Why Treasury bonds specifically? I don’t want credit risk in this portfolio. Corporate bonds don’t offer the same flight-to-safety benefit during downturns, so I’m sticking with Treasuries. Unless the U.S. government defaults, Treasury bonds are as safe as it gets.

The 20% gold allocation

The last 20% of the portfolio is going into the shiny, heavy metal that Roman legionaries were paid with and that you can now buy at Costco—gold.

I know the usual arguments: it produces no cash flow, it’s all speculation, and so on. I don’t care. What matters is that gold has low correlation to both stocks and bonds, making it a third diversifier in those rare but painful moments when both asset classes fall together—like in 2022.

Gold also has structural characteristics that make it a great safe-haven asset. It can’t be debased like fiat currency, is hoarded by central banks, and has a long history as a store of value.

The problem with holding gold in a portfolio is that physical metal is hard to rebalance. Storage, dealer spreads, and security are all a hassle. That’s why I’m going with an ETF instead.
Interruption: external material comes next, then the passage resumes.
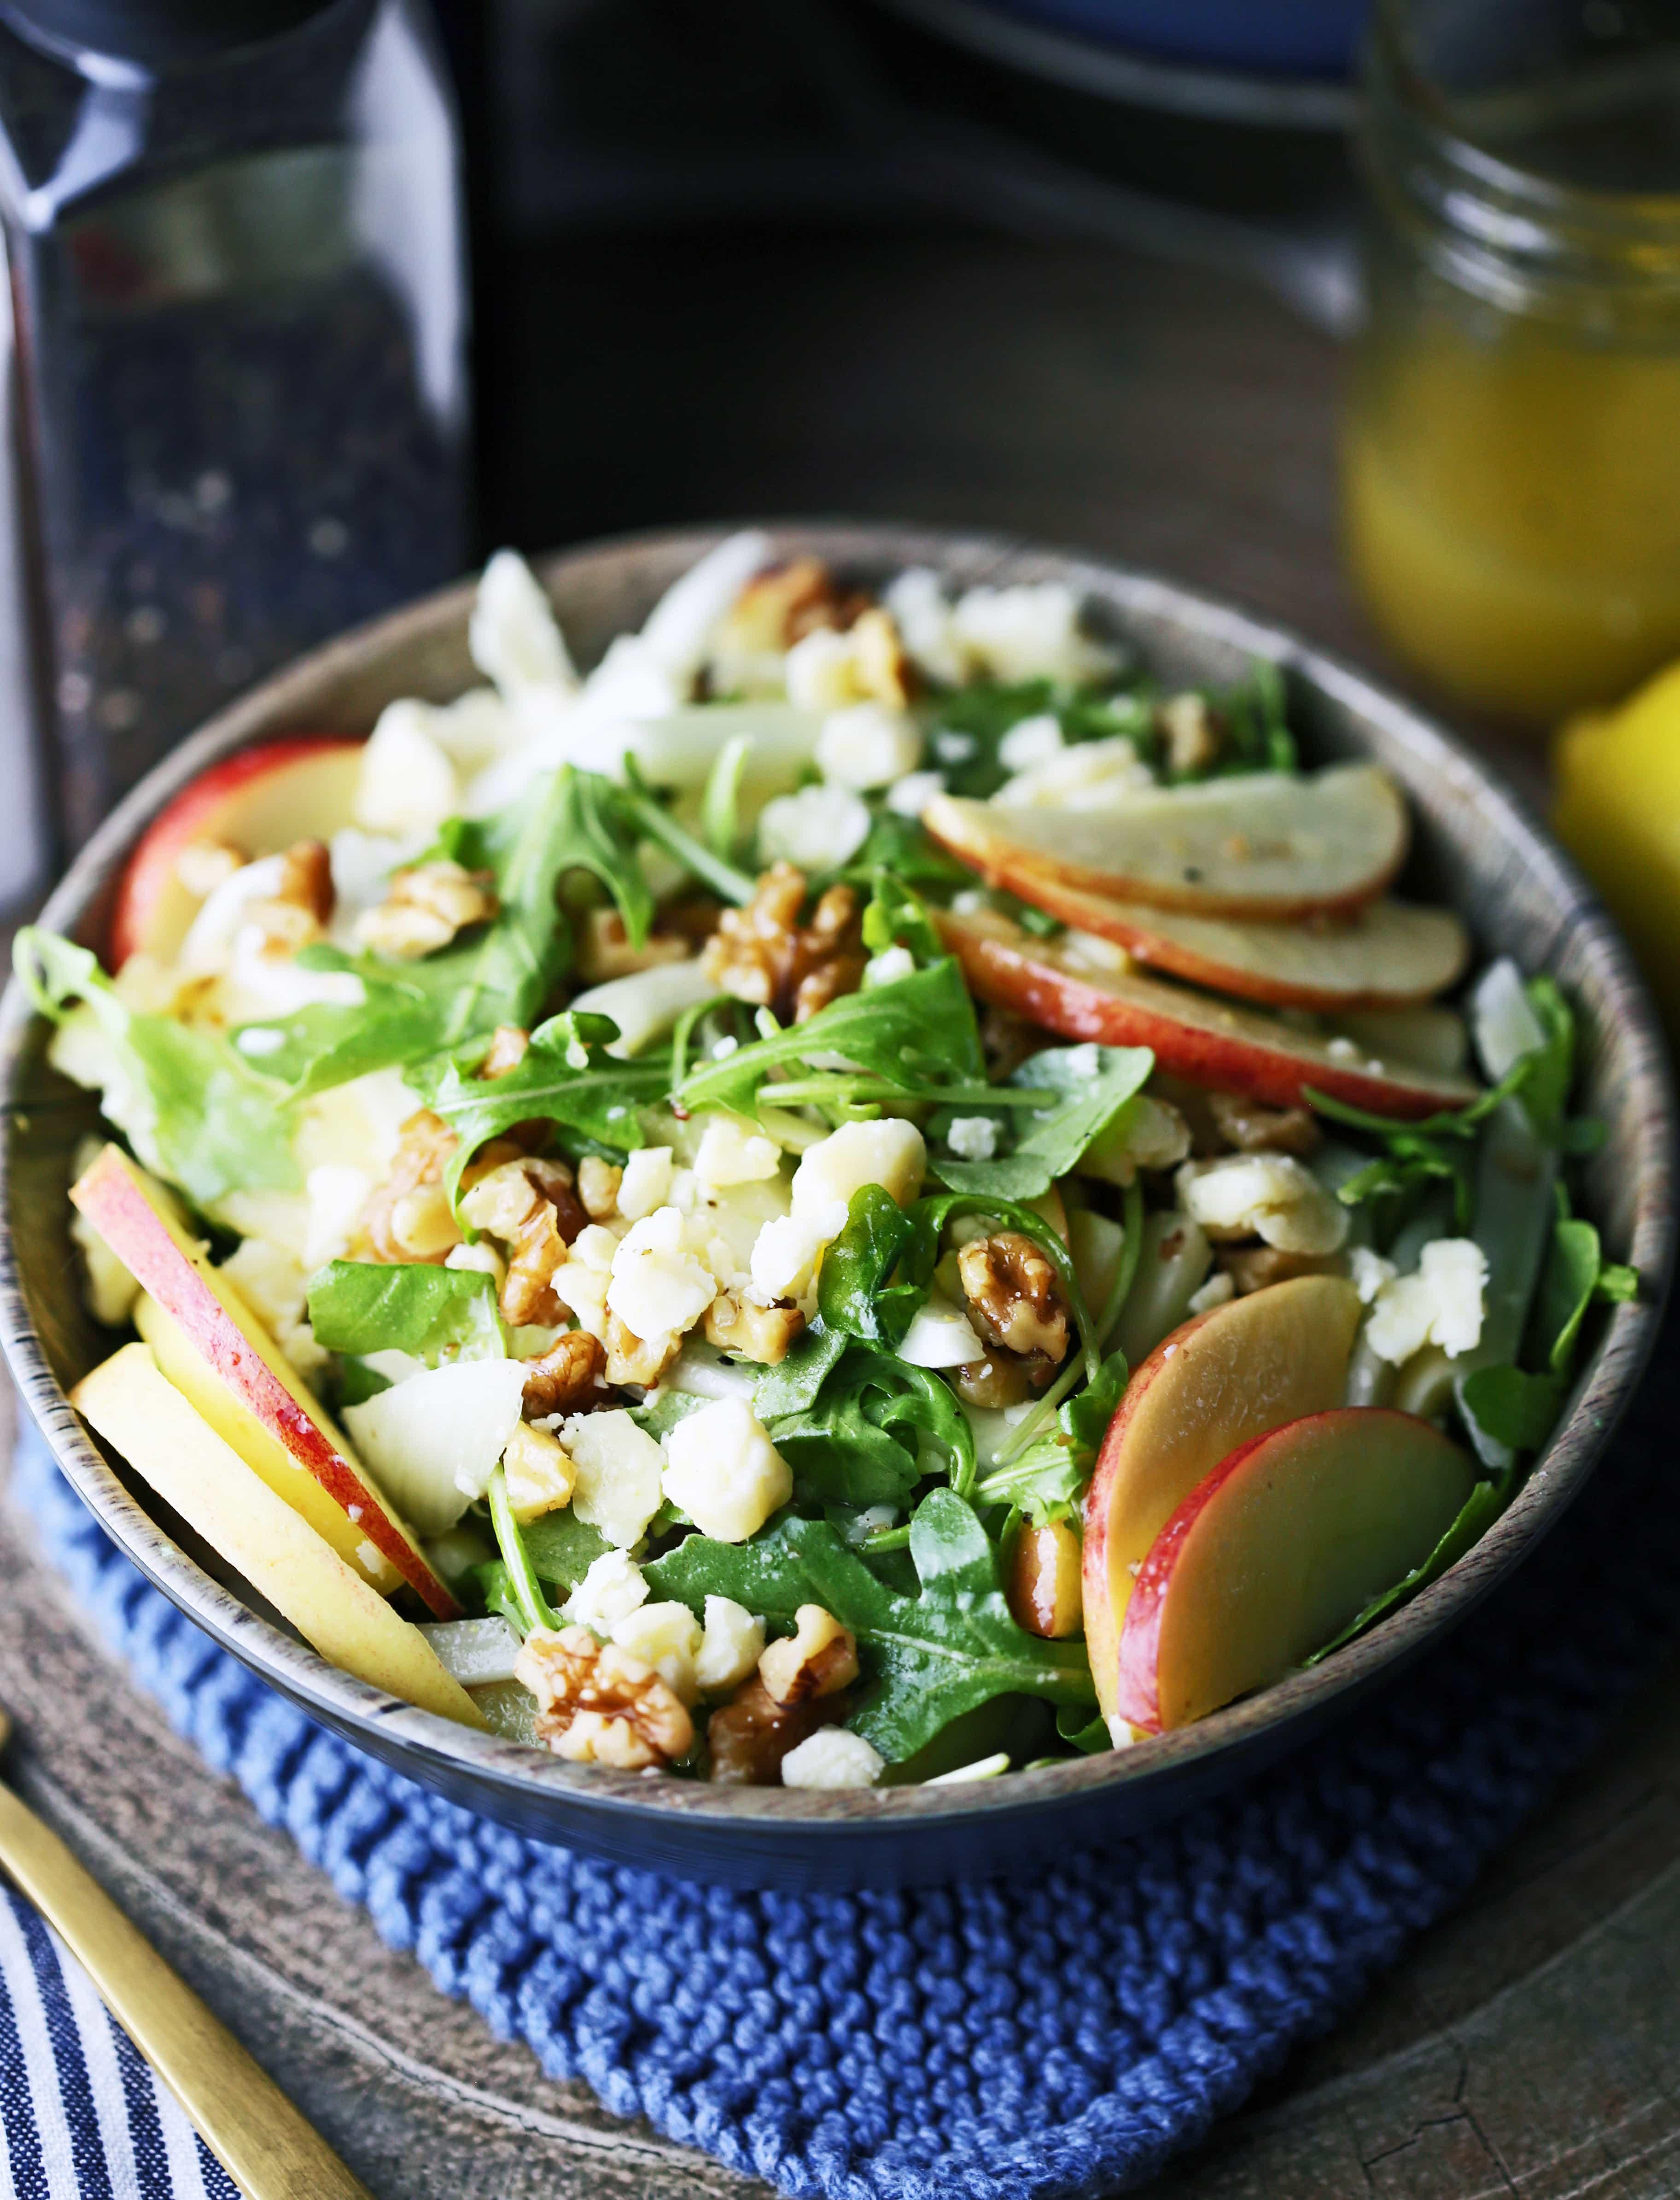 Apple fennel arugula salad with honey lemon dressing in a brown bowl.

I like SPDR Gold MiniShares (NYSE:GLDM)It has a 0.1% expense ratio, is well-capitalized with $10.2 billion in AUM, and offers a simple, efficient way to own gold without the logistics headache.

Putting it together

This portfolio is very easy to manage. Just buy each of these five ETFs at 20% each, rebalance quarterly, and reinvest all dividends. That’s it.

I know some of you just look at the chart, so don’t glaze over the figures. Yes, in terms of total returns, from 1992-09-28 to 2025-02-06, the Cockroach Portfolio lags behind the S&P 500 (10.63%) and the 60/40 portfolio (8.36%), with an 8.28% CAGR.

Table and Performance Chart

The table presents key metrics like CAGR, max drawdown, volatility, Sharpe ratio, Sortino ratio, and Beta. The chart illustrates portfolio value growth from 1995 to 2025, showing the S&P 500’s higher returns but greater volatility, while the Cockroach Portfolio and 60/40 portfolio demonstrate more stable growth.

But on a risk-adjusted basis, it smokes both. The Sharpe ratio comes in at 0.65, well ahead of the S&P 500 at 0.51 and 60/40 at 0.57. Volatility was significantly lower, with an annualized 9.21% standard deviation—half that of the S&P 500 (18.32%) and lower than the 60/40 portfolio at 10.92%.

Most remarkable is the maximum drawdown during the height of the 2008 financial crisis. The Cockroach Portfolio lost 22.16%—less than half of the S&P 500’s -55.26% and well below the 60/40 portfolio’s -35.97%.

The graph highlights the S&P 500’s deeper drawdowns compared to the Cockroach Portfolio and the 60/40 allocation, demonstrating the latter two’s reduced volatility and better downside protection.

Younger investors with high risk tolerance will probably scoff at this. Older investors or those who truly understand risk will appreciate it.